Material provided below:

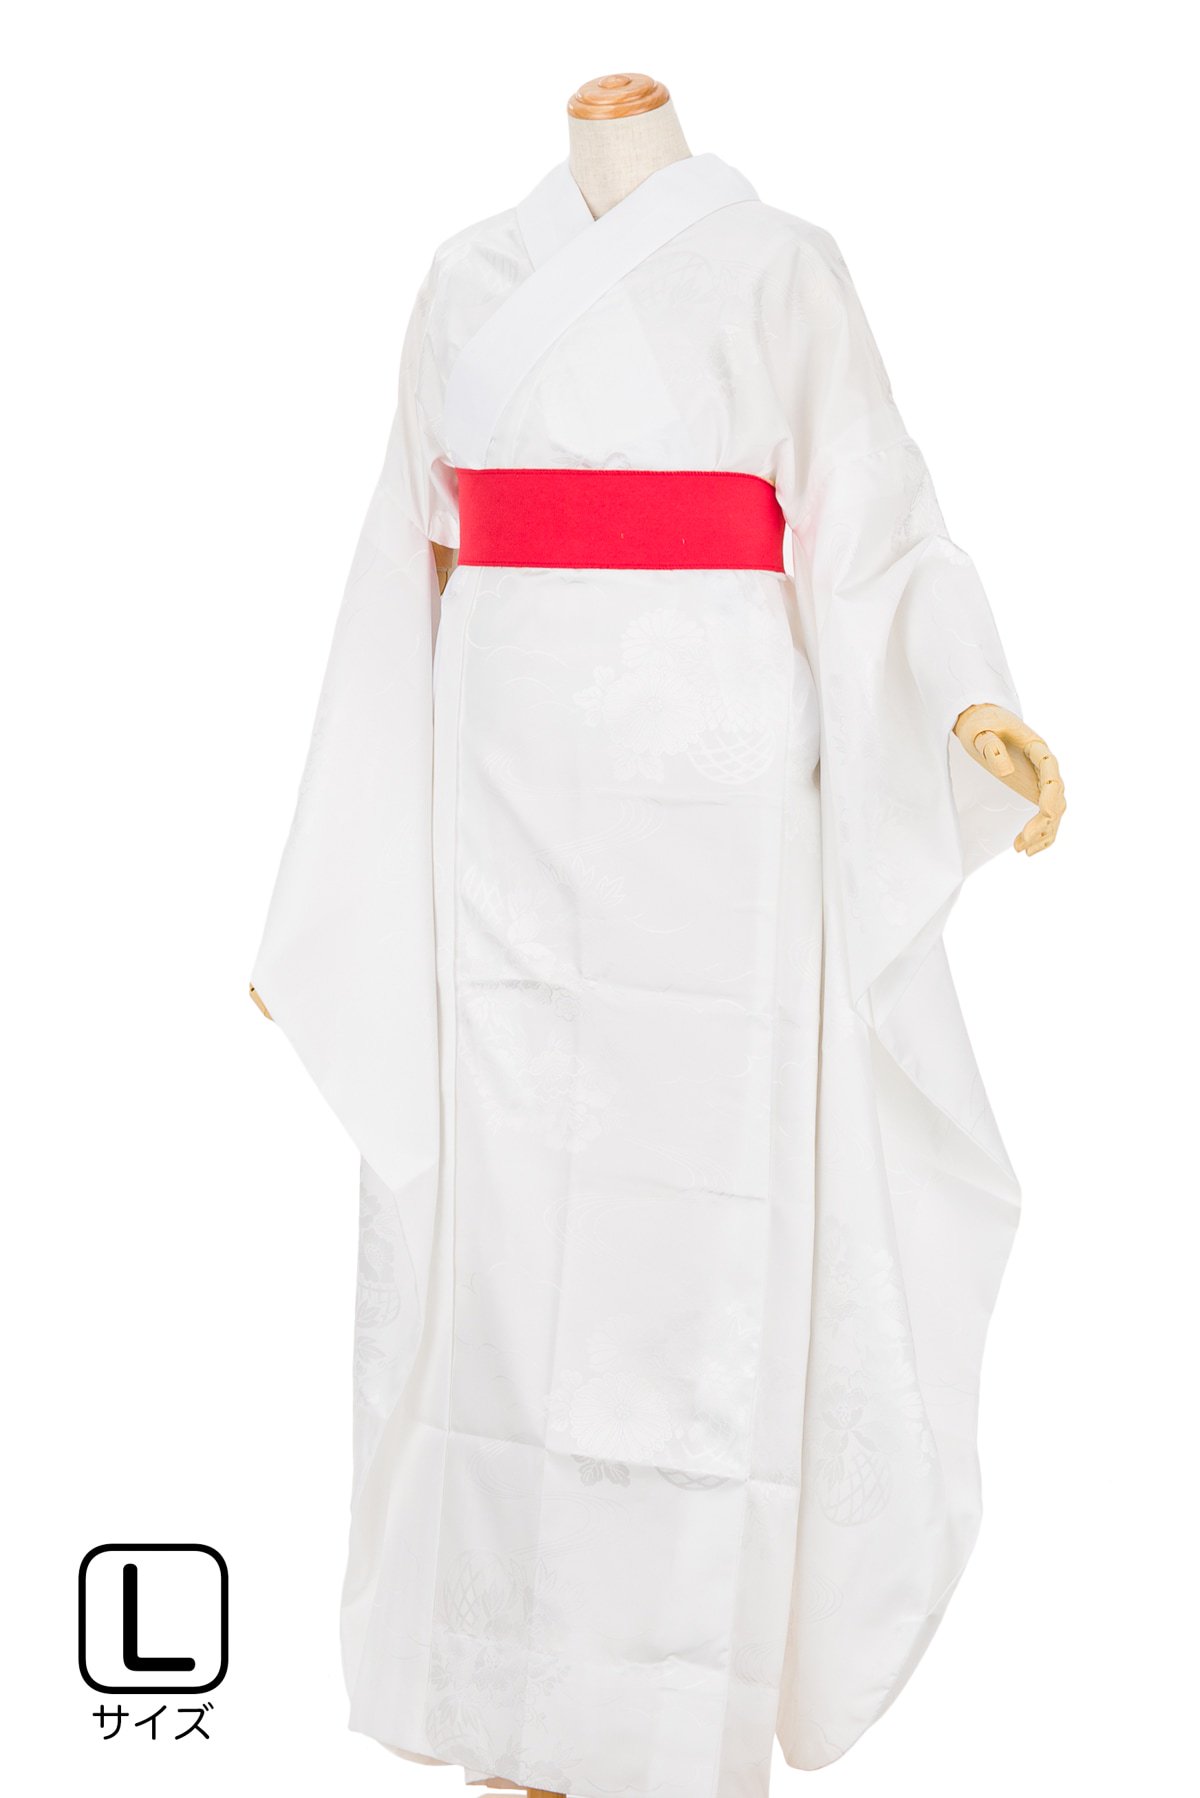 L】新品 日本製 振袖用長襦袢 白 - からん::アンティーク着物 
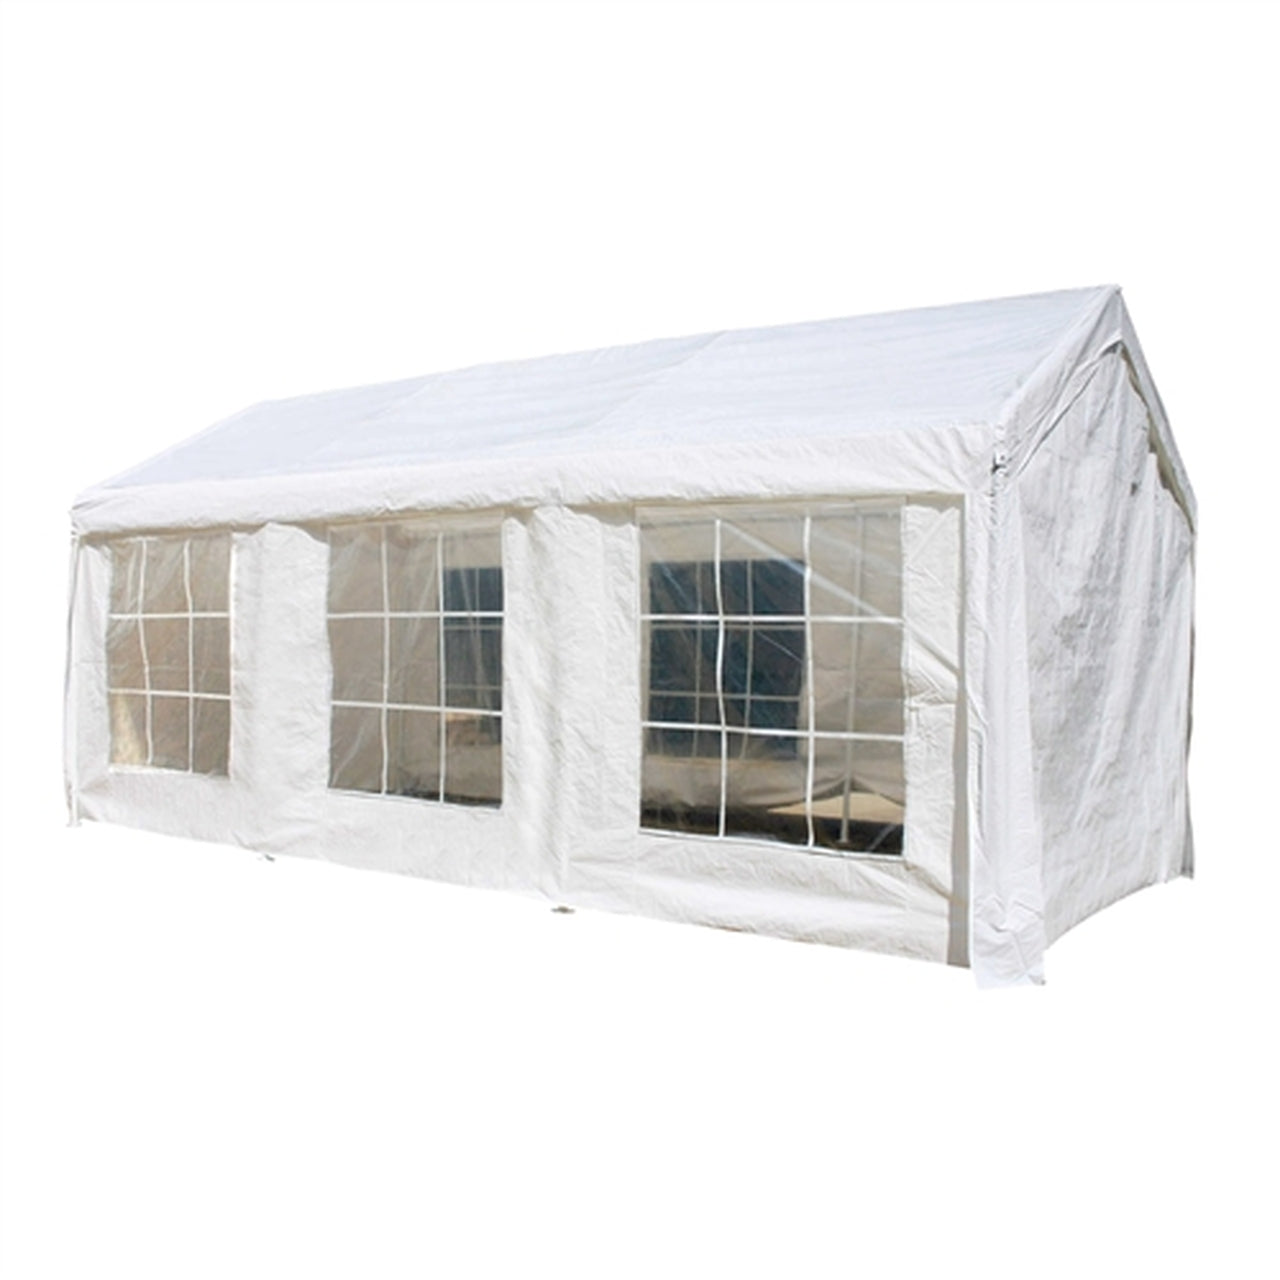 Aleko Carports Heavy Duty Outdoor Canopy Tent with Sidewalls
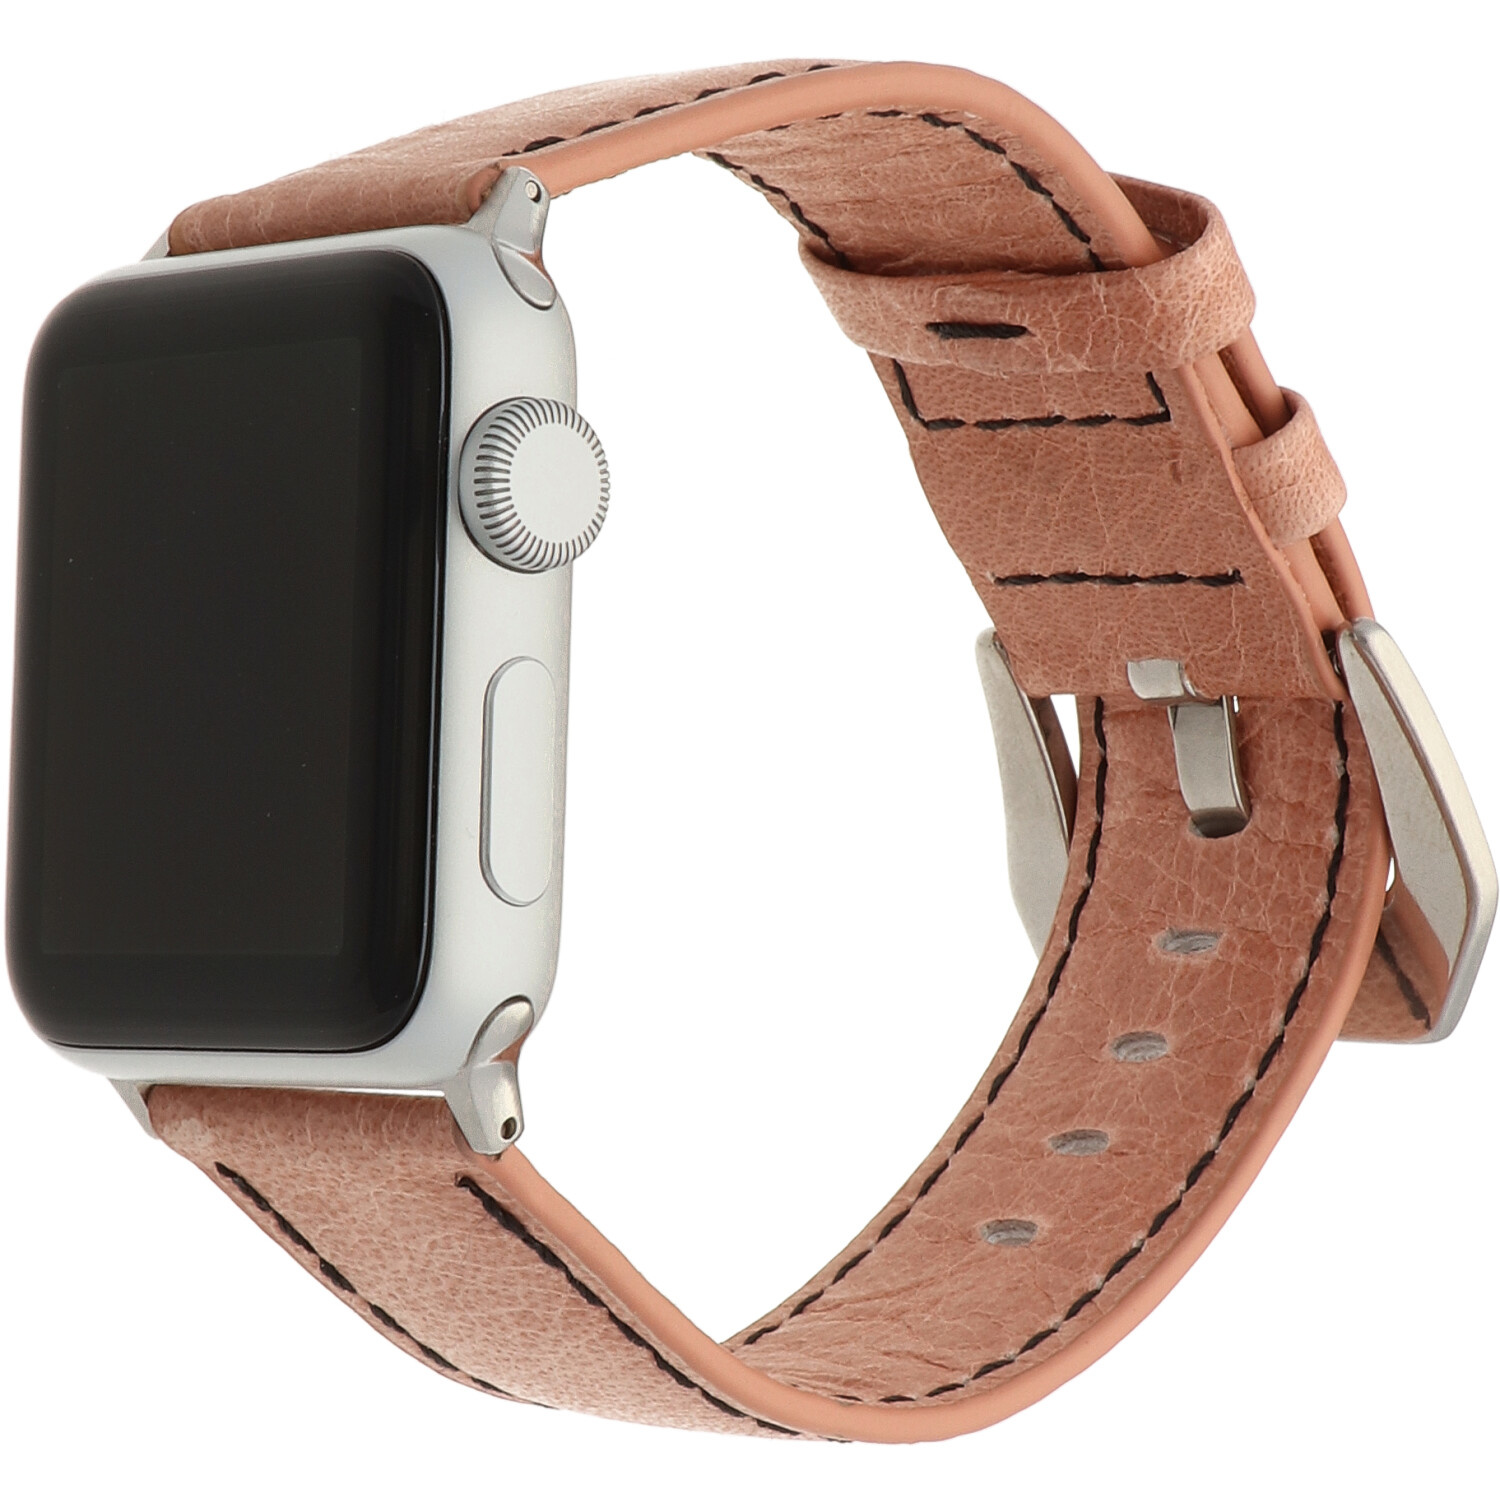 Bracelet en cuir rétro Apple Watch - beige

End of Material provided.

» What you are asked to do
Pictures are to be omitted; otherwise, write out the data exactly as it appears.

» Result of the exercise
 L】新品 日本製 振袖用長襦袢 白 - からん::アンティーク着物 
 Aleko Carports Heavy Duty Outdoor Canopy Tent with Sidewalls
 Bracelet en cuir rétro Apple Watch - beige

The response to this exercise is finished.